* What to do
Leaving out the pictures, return word for word the stretch of entries below from the line holding "Иллюстрация 1 из" through the line holding "نمایشگاه-دوچرخه-و-لوازم-جاینت-تهران5".

* Dataset content
== Segment start ==

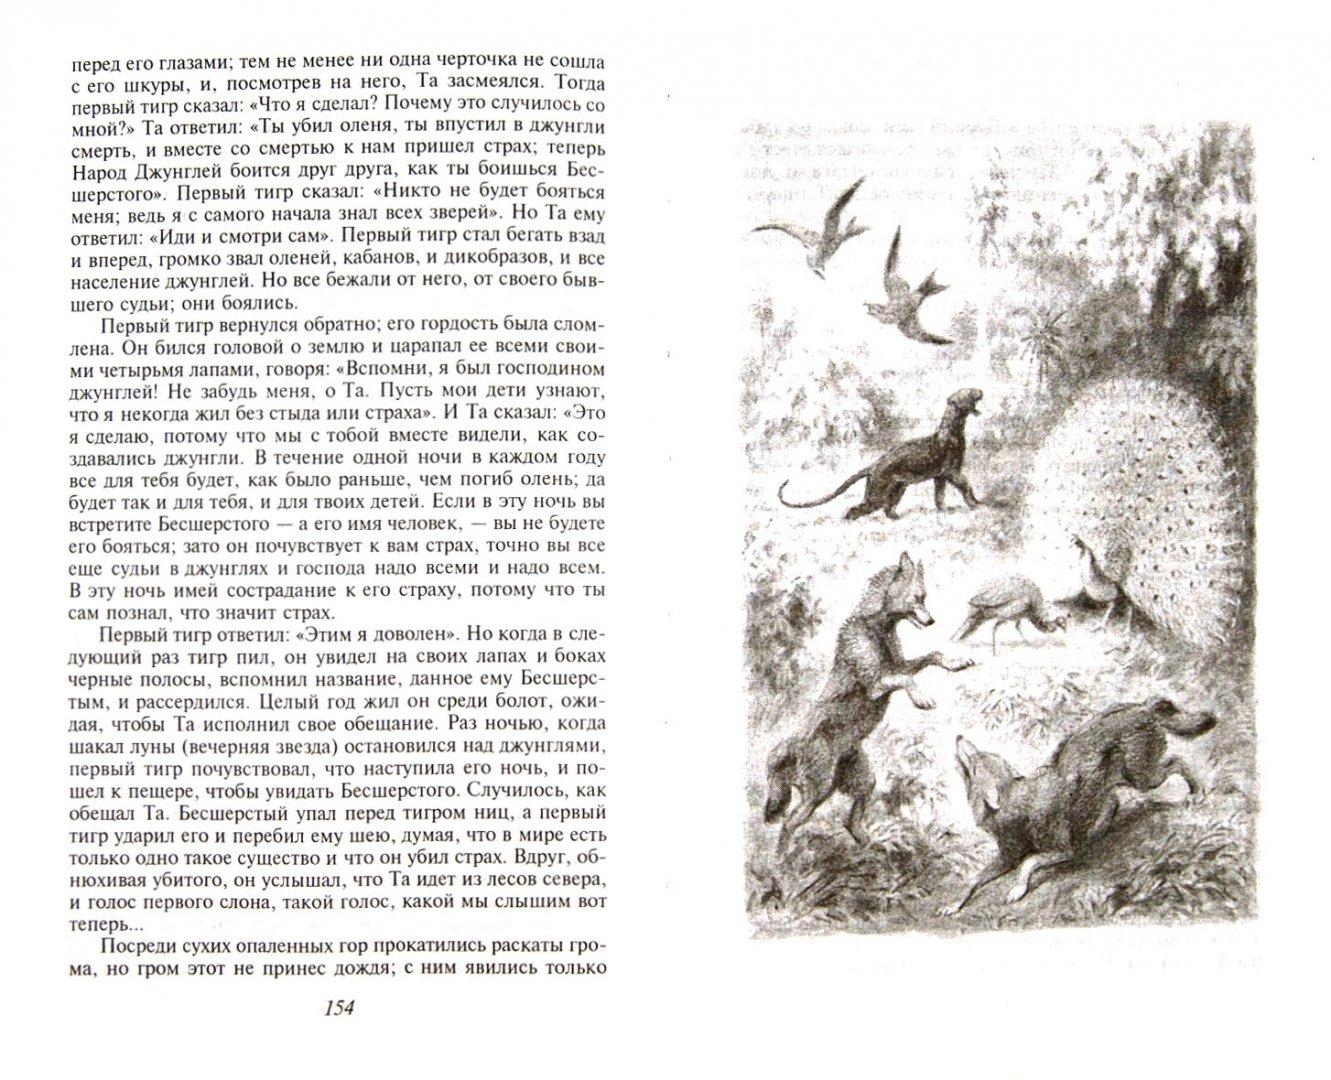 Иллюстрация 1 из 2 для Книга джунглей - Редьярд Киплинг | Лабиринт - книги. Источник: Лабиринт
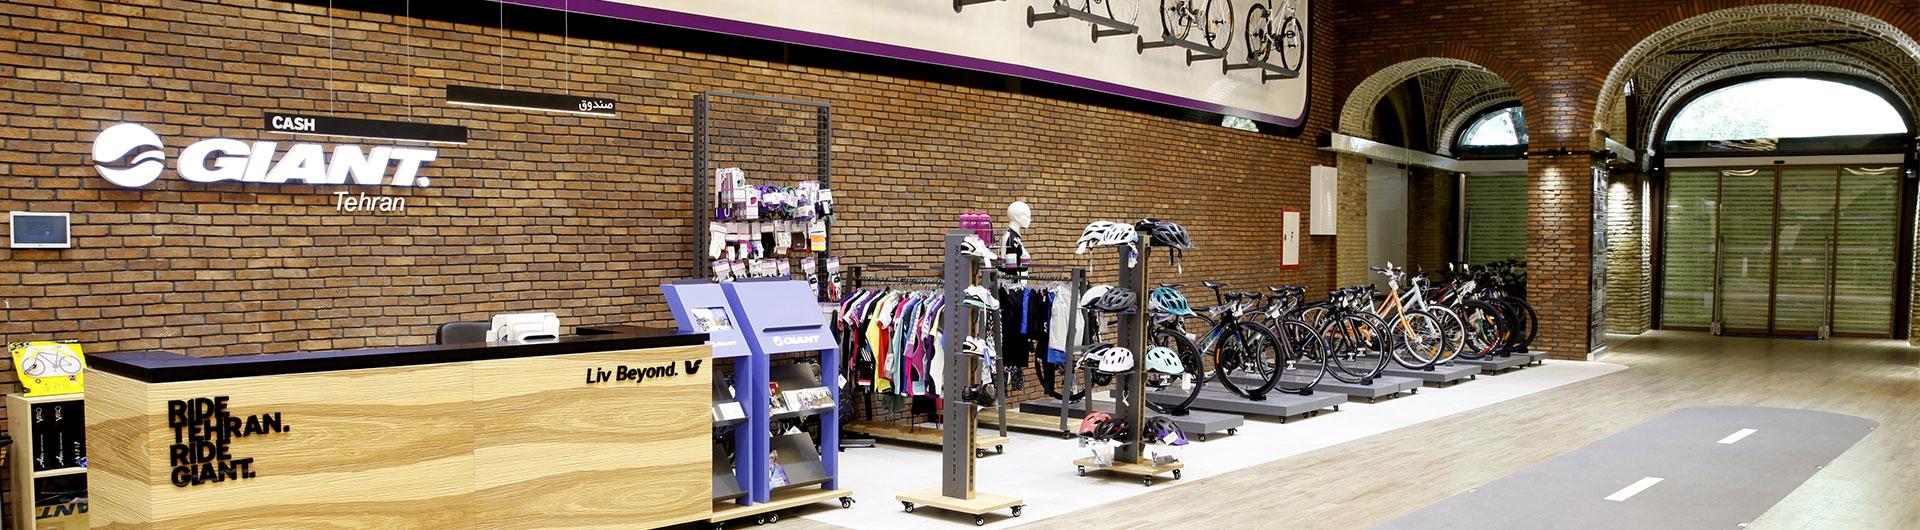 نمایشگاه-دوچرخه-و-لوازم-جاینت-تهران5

== Segment end ==
== Segment start ==

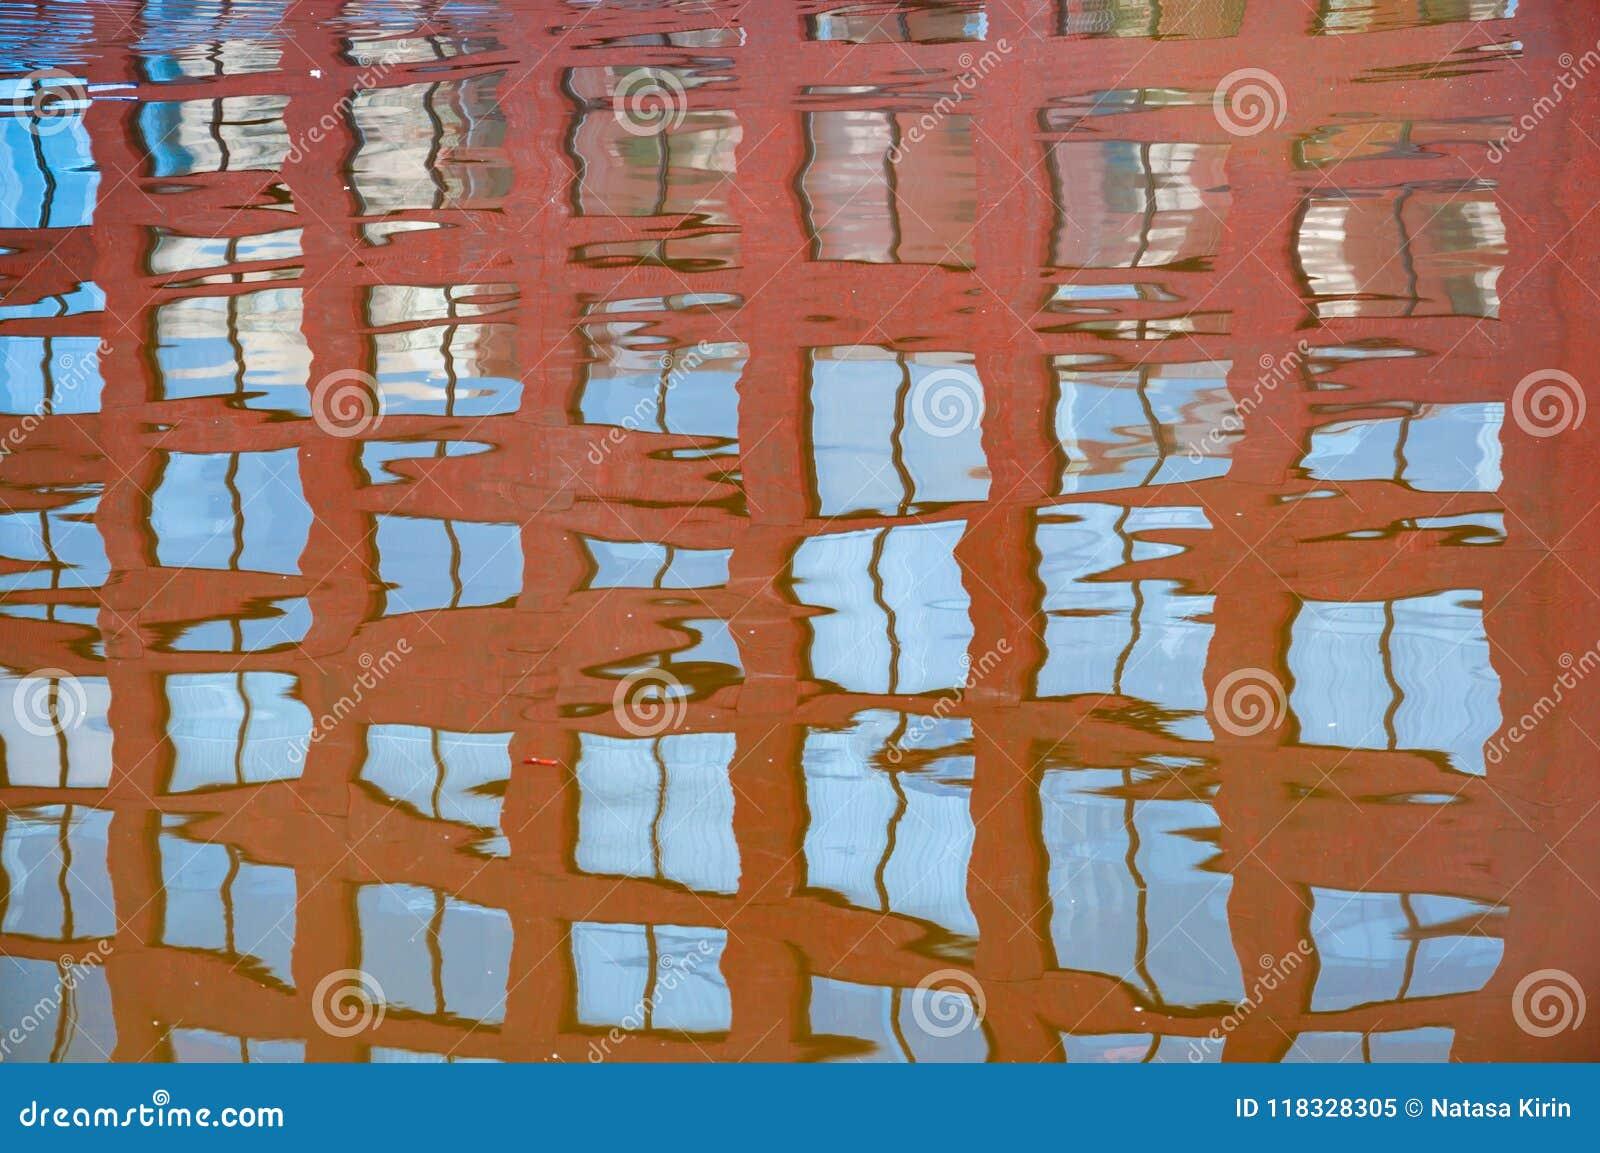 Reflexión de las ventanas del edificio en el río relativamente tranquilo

== Segment end ==

* Task answer
 Иллюстрация 1 из 2 для Книга джунглей - Редьярд Киплинг | Лабиринт - книги. Источник: Лабиринт
 نمایشگاه-دوچرخه-و-لوازم-جاینت-تهران5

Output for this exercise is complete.